# Loop Parallelism - 2022.1 English

## Vitis High-Level Synthesis User Guide (UG1399)

Document ID
UG1399
Release Date
2022-06-07
Version
2022.1 English

Vitis HLS schedules logic and functions early as possible to reduce latency while keeping the estimated clock period below the user-specified period. To perform this, it schedules as many logic operations and functions as possible in parallel. It does not schedule loops to execute in parallel.

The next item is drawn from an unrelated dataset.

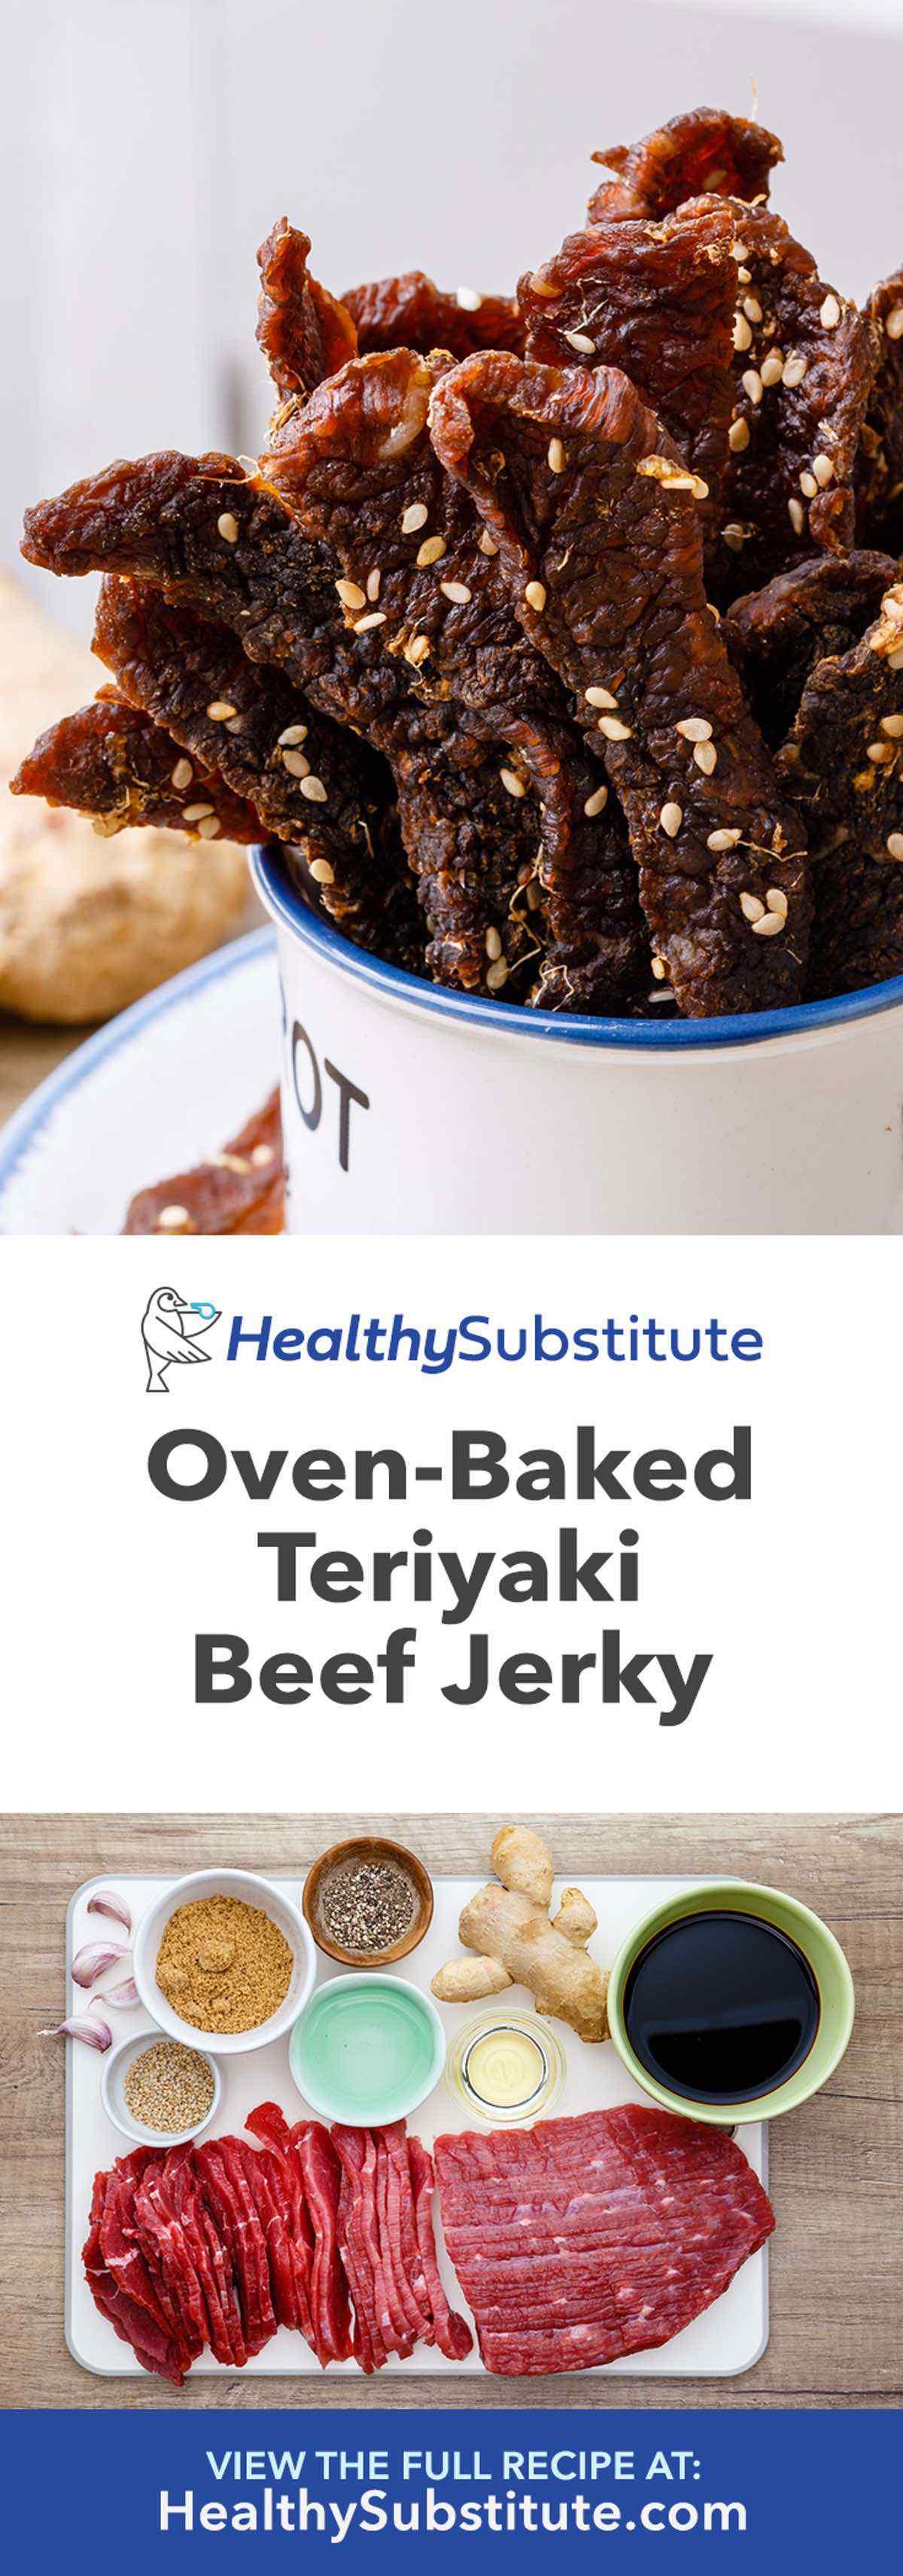 Oven Baked Teriyaki Beef Jerky

If the following code example is synthesized, loop `SUM_X` is scheduled and then loop `SUM_Y` is scheduled: even though loop `SUM_Y` does not need to wait for loop `SUM_X` to complete before it can begin its operation, it is scheduled after `SUM_X`.

``````
#include "loop_sequential.h"

void loop_sequential(din_t A[N], din_t B[N], dout_t X[N], dout_t Y[N],
dsel_t xlimit, dsel_t ylimit) {

dout_t X_accum=0;
dout_t Y_accum=0;
int i,j;

SUM_X:for (i=0;i<xlimit; i++) {
X_accum += A[i];
X[i] = X_accum;
}

SUM_Y:for (i=0;i<ylimit; i++) {
Y_accum += B[i];
Y[i] = Y_accum;
}
}
``````

Because the loops have different bounds (`xlimit` and `ylimit`), they cannot be merged. By placing the loops in separate functions, as shown in the following code example, the identical functionality can be achieved and both loops (inside the functions) can be scheduled in parallel.

``````
#include "loop_functions.h"

void sub_func(din_t I[N], dout_t O[N], dsel_t limit) {
int i;
dout_t accum=0;

SUM:for (i=0;i<limit; i++) {
accum += I[i];
O[i] = accum;
}

}

void loop_functions(din_t A[N], din_t B[N], dout_t X[N], dout_t Y[N],
dsel_t xlimit, dsel_t ylimit) {

sub_func(A,X,xlimit);
sub_func(B,Y,ylimit);
}
``````

If the previous example is synthesized, the latency is half the latency of the sequential loops example because the loops (as functions) can now execute in parallel.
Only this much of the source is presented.